Indexing索引：是指将数据从源头加载进来并对数据建立索引的过程。

Retrieval and generation检索和生成：这才是真正的RAG工作流，实时的将用户的请求和检索器返回的相关数据，喂给模型。

索引创建过程

加载：首先我们通过DocumentLoaders加载数据。
拆分：然后使用Text splitters将大文档拆分成小块。拆分成小块有利用数据的索引和传递。因为大块的数据很难进行检索，也有可能会超过模型的输入上限。
存储：我们需有在某个地方存储数据及数据，以便稍后进行查询。这通常是由矢量数据库和向量化模型来处理的。

检索和生成

检索：是指获得用户的输入后，通过检索器获取相关的数据。
生成：ChatModel/LLM使用获得的用户问题和检索器返回的数据生成的提示词来回答用户的问题。

设置

Jupyter Notebook

本教程（及大部分教程）都是使用的Jupyter notebooks，并预先认为您也会使用。Jupyter notebooks非常适用来学习LLM系统或作为一个原型构建工具，因为我们在学习或开发应用过程中将会碰到很多异常情况（比如，不正确的输出，API挂掉了），使用Jupyter notebooks这种一步一步的、交互式的工具，可以让你迅速调试并学习。

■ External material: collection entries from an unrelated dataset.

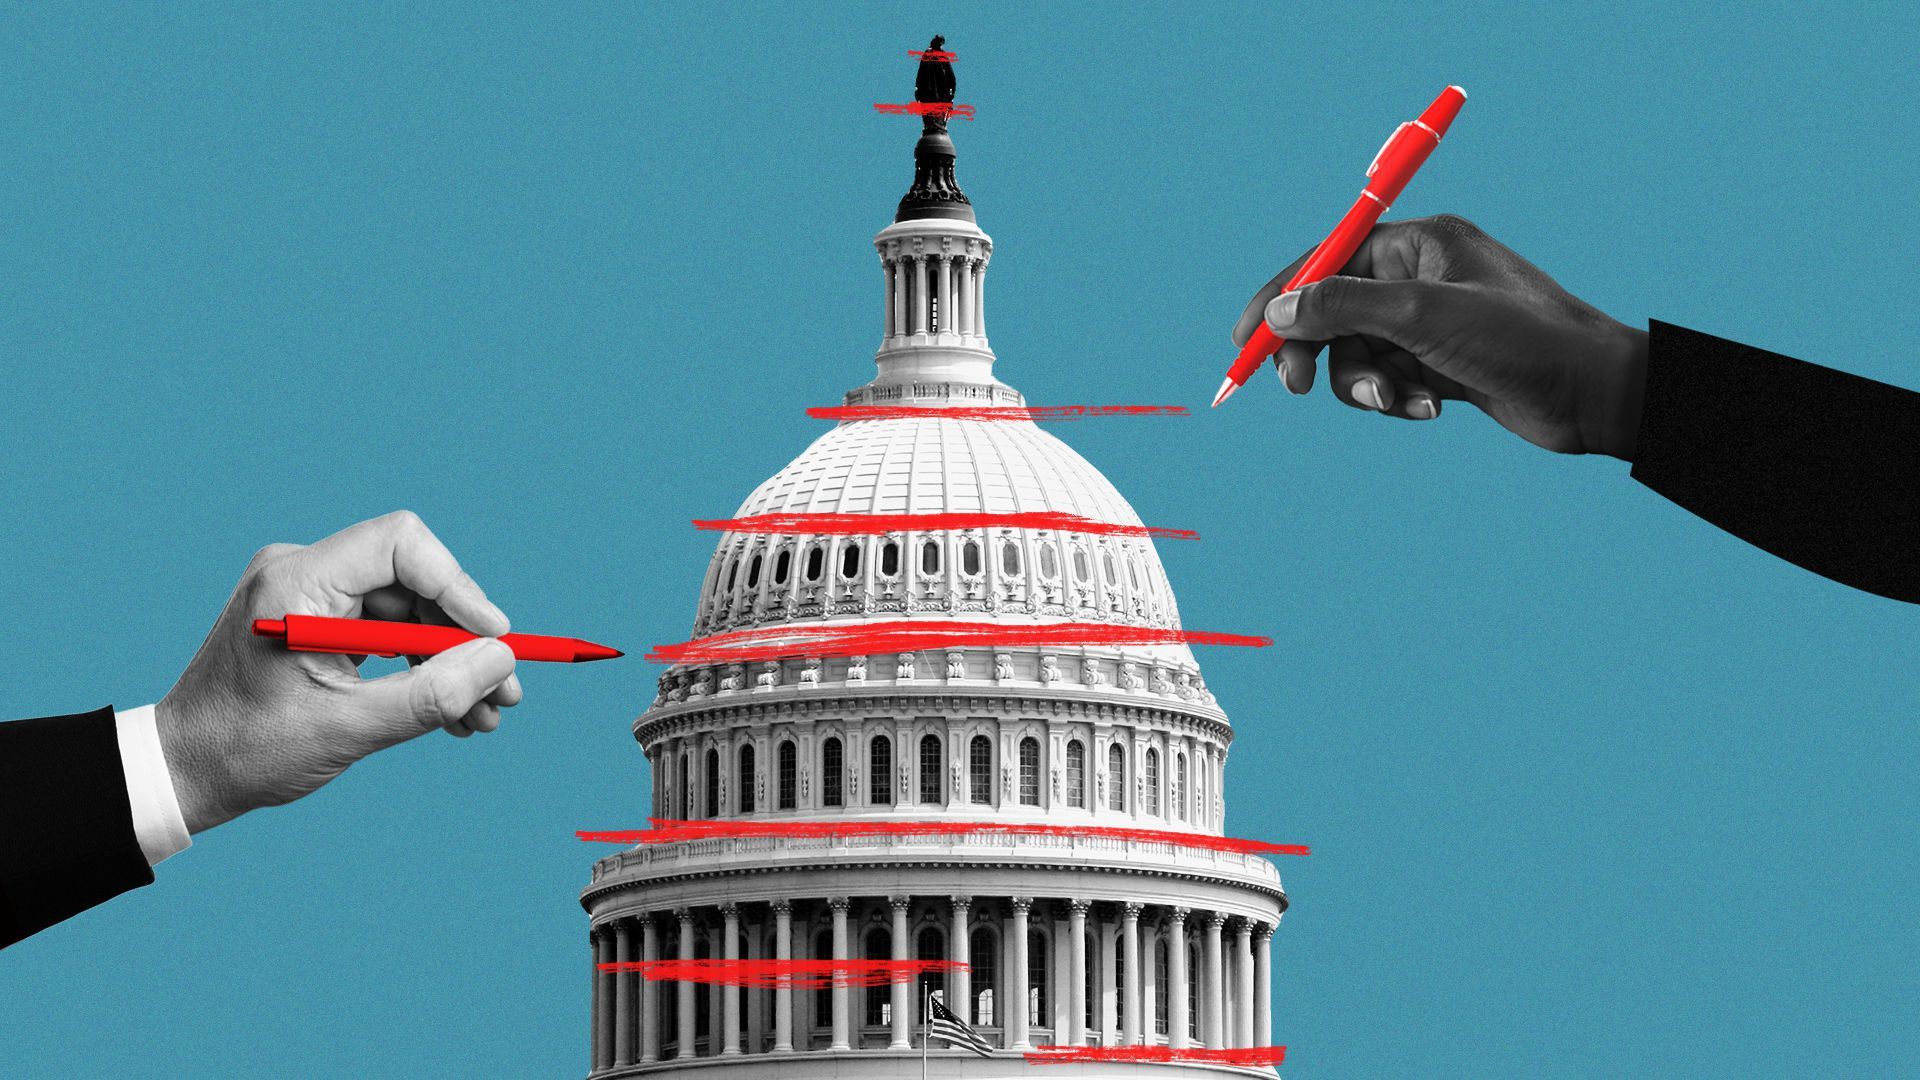 An illustration shows hands drawing red lines across the U.S. Capitol Dome.
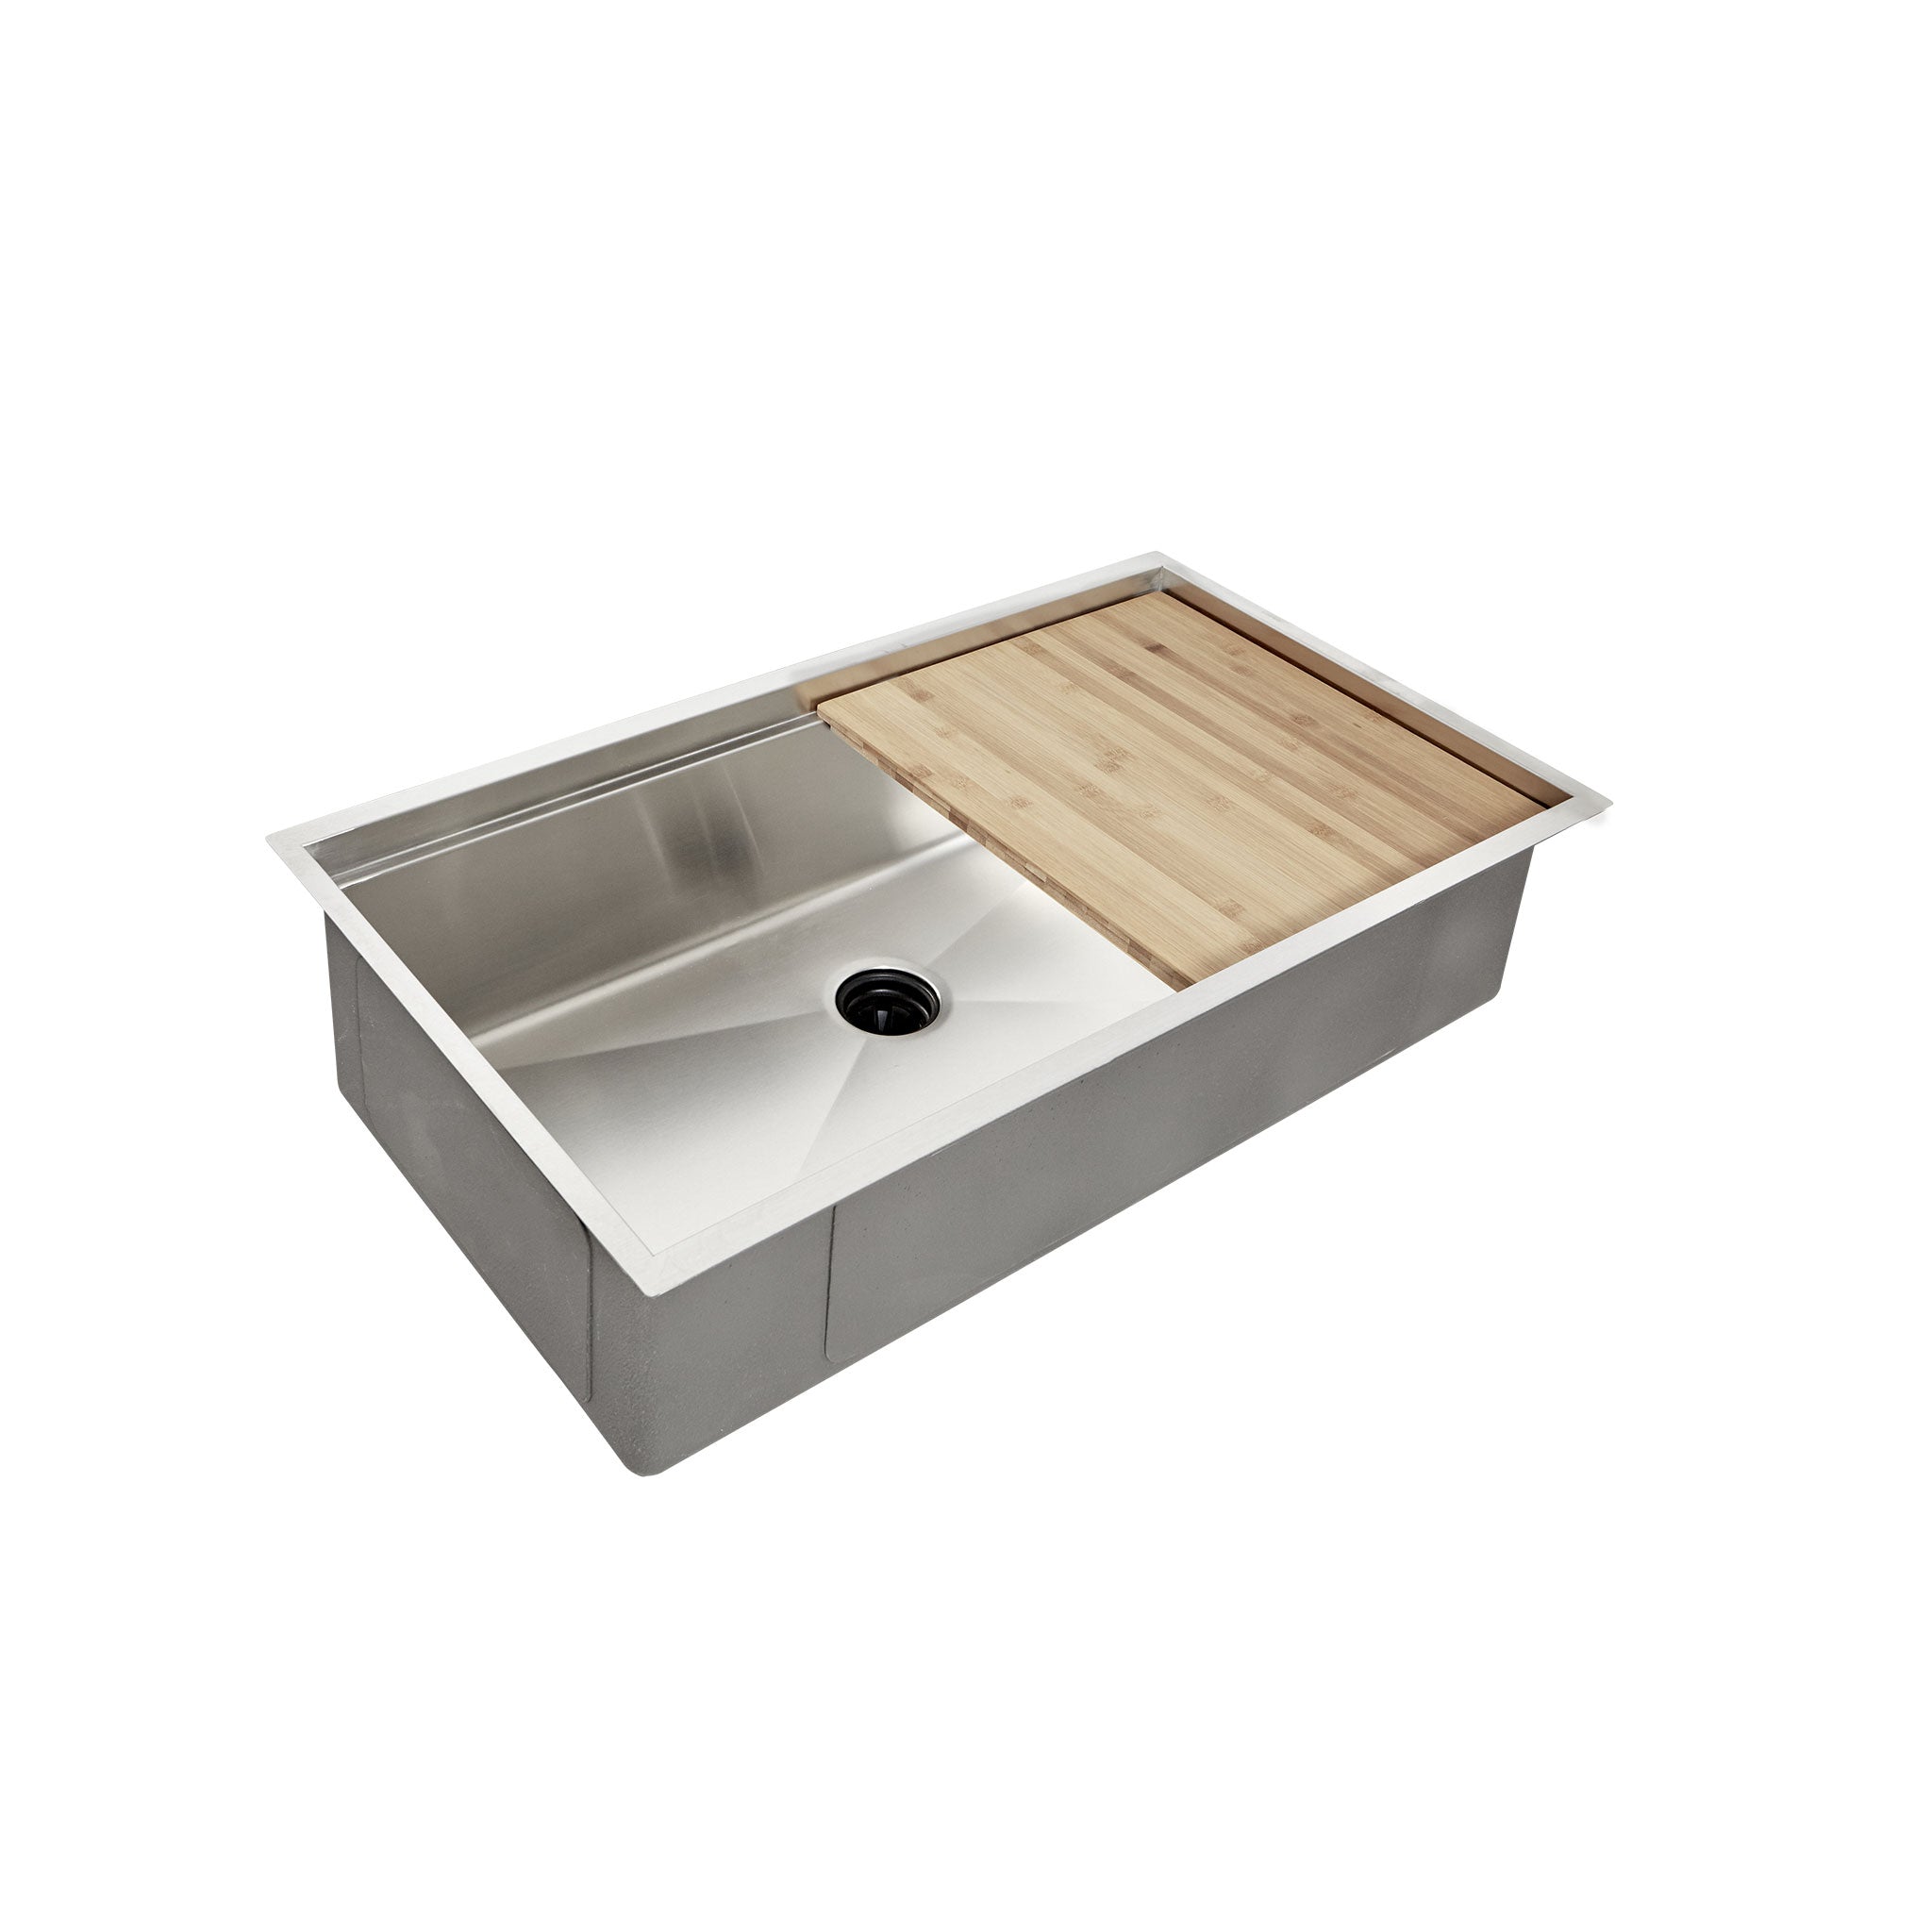 Bamboo accessory in Create Good Sinks 33 inch workstation sink with middle drain
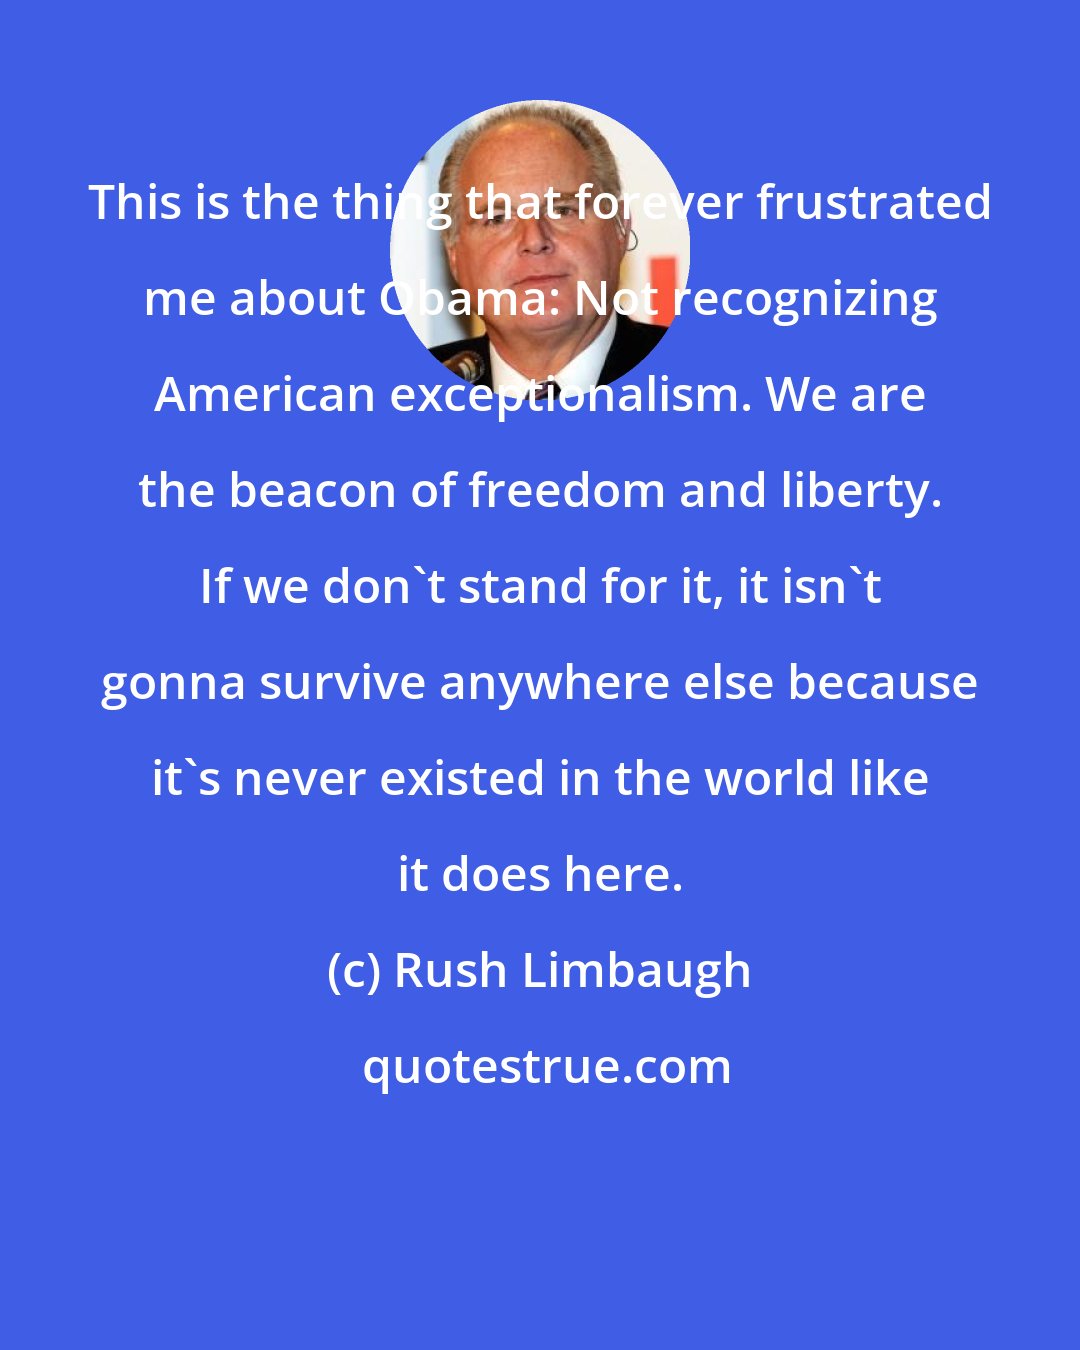 Rush Limbaugh: This is the thing that forever frustrated me about Obama: Not recognizing American exceptionalism. We are the beacon of freedom and liberty. If we don't stand for it, it isn't gonna survive anywhere else because it's never existed in the world like it does here.
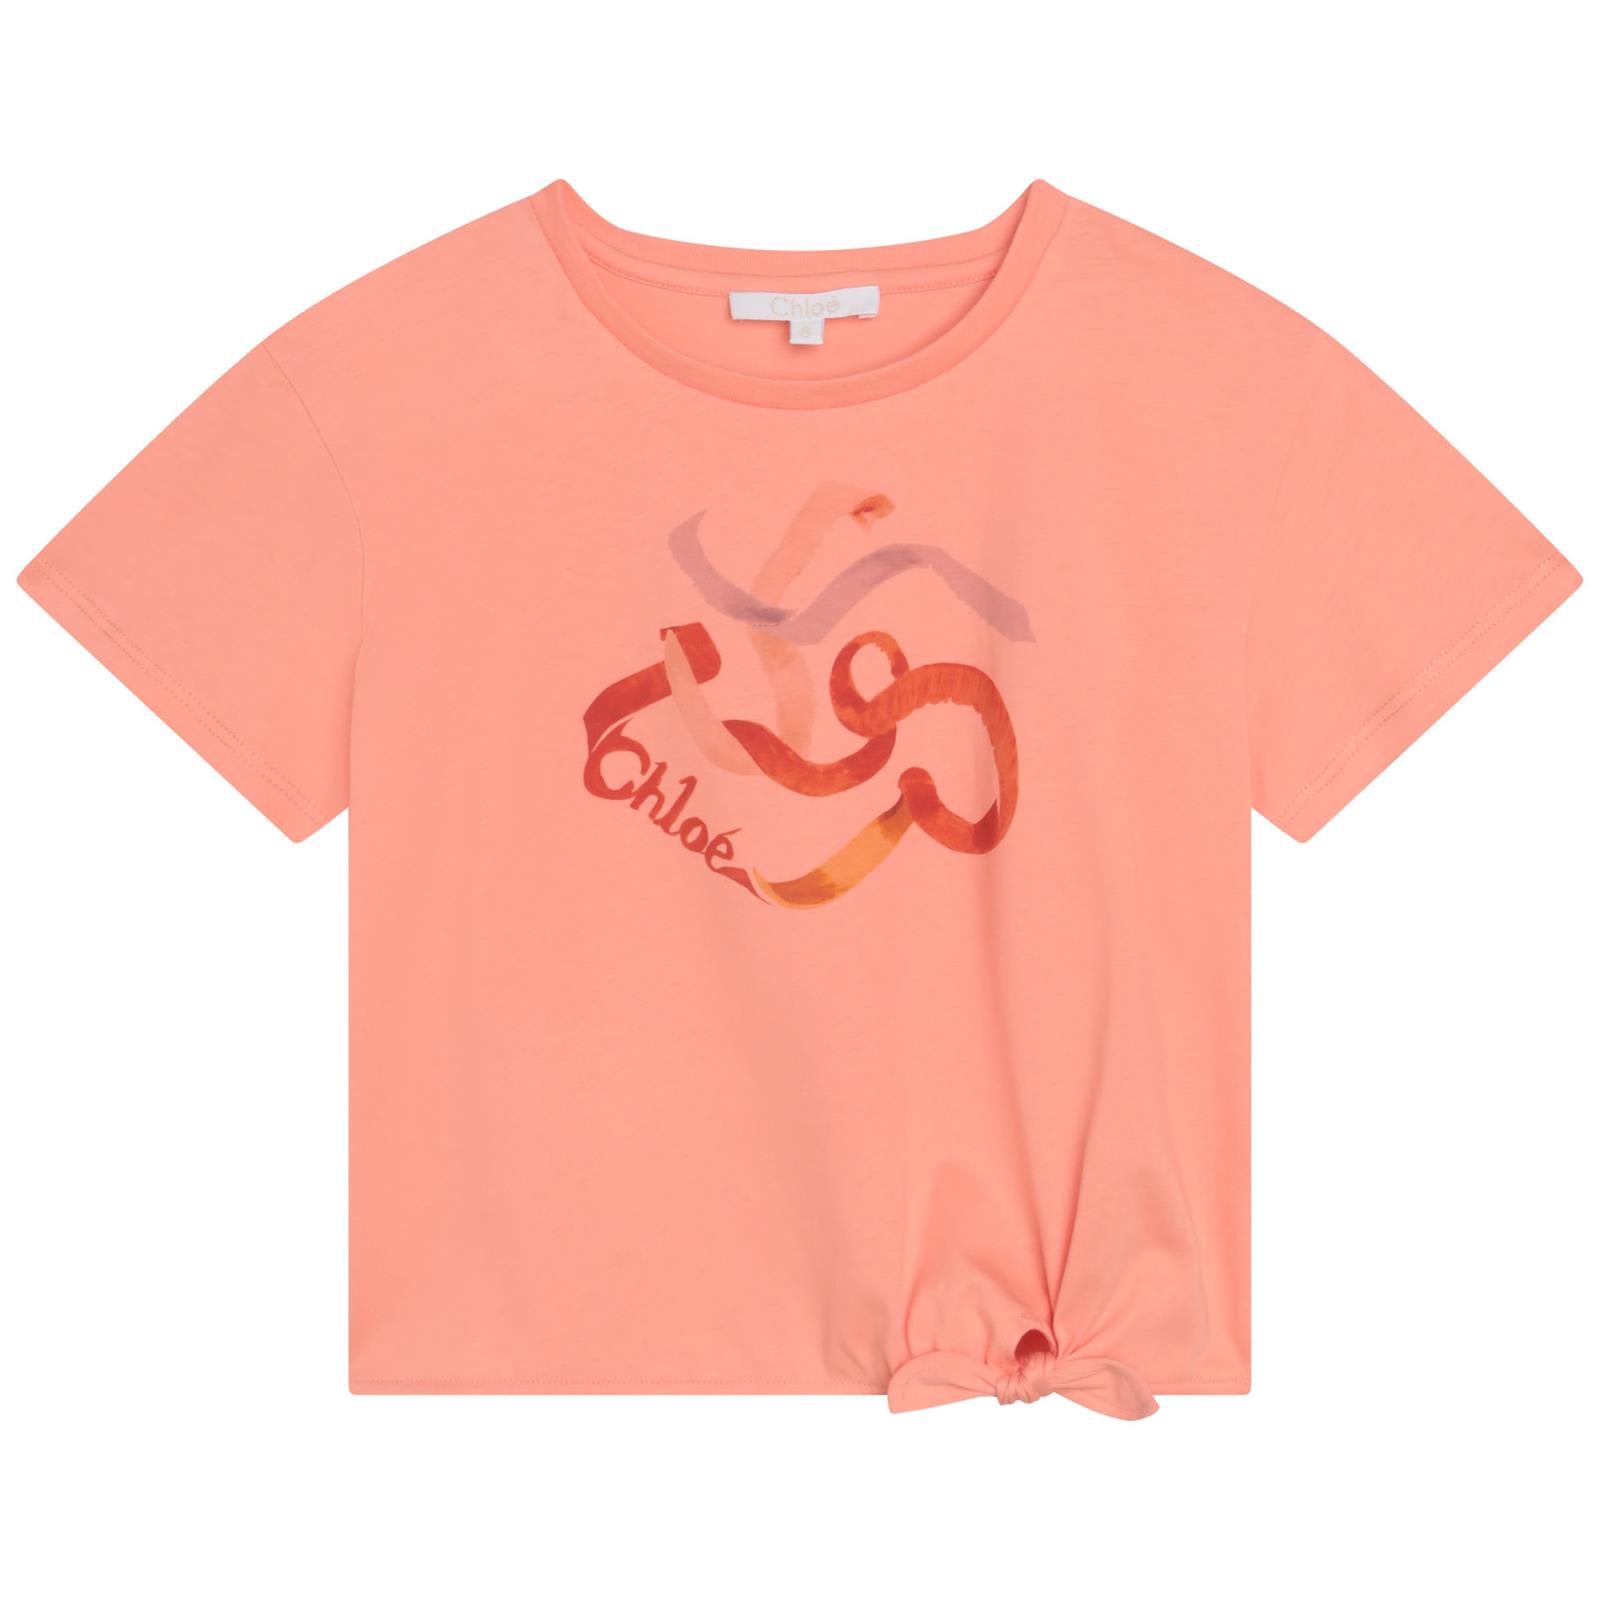 CHLOÉ T-SHIRT WITH GRAPHIC PRINT

Jupyter Notebook的安装和配置问题，请自行了解。

LangSmith

不再对LangSmith的安装和使用进行说明，前面有提到过。

预览

在本章中，我们会使用一篇在线的博文来构建问答应用，这篇博章讲述的是LLM Powered Autonomous Agents 智能体，我们会针对该博客的内容提出一些问题。

我们可以构建一个索引过程和RAG工作流来实现这一点，大约 20行代码就能实现。

详情

让我们来看一下上面的代码是如何一步一步运行的。

1. 索引过程：加载

首先，我们需要将博客的内容加载进来。这里使用的是DocumentLoaders，该方法返回的是一个“对象”，该“对象”会从一个数据源里加载数据进来，并返回文档列表。而一个文档也是一个“对象”，该“对象”包含一个文本格式的页面内容和元数据（字典格式）。

在本课程中，我们使用WebBaseLoader来加载数据，该方法使用urllib库将网页地址里的HTML加载进来，并使用BeautifulSoup将其解析成为文本。我们可以使用BeautifulSoup的bs_kwargs参数来定制从HTML 到文本的解析方式。在本课程中，我们只会解析HTML中样式标签为“post-content”, “post-title”, or “post-header”里的内容，其它的则不需要了。

下面是示例，最终返回的是文档 1的文本长度。

import bs4
from langchain_community.document_loaders import WebBaseLoader

# Only keep post title, headers, and content from the full HTML.
bs4_strainer = bs4.SoupStrainer(class_=("post-title", "post-header", "post-content"))
loader = WebBaseLoader(
   web_paths=("https://lilianweng.github.io/posts/2023-06-23-agent/",),
   bs_kwargs={"parse_only": bs4_strainer},
)
docs = loader.load()

len(docs[0].page_content)

打印文档 1的前 500个字；

print(docs[0].page_content[:500])

    LLM Powered Autonomous Agents
   
Date: June 23, 2023 | Estimated Reading Time: 31 min | Author: Lilian Weng


Building agents with LLM (large language model) as its core controller is a cool concept. Several proof-of-concepts demos, such as AutoGPT, GPT-Engineer and BabyAGI, serve as inspiring examples. The potentiality of LLM extends beyond generating well-written copies, stories, essays and programs; it can be framed as a powerful general problem solver.
Agent System Overview#
In

2. 索引过程：拆分

我们加载的文档已经超过 42k字符长度。这么长的文本是不适合作为很多模型的输入的。即使有些模型可以接收42k的长文本，该模型也将很难寻找从中寻找到有用的信息。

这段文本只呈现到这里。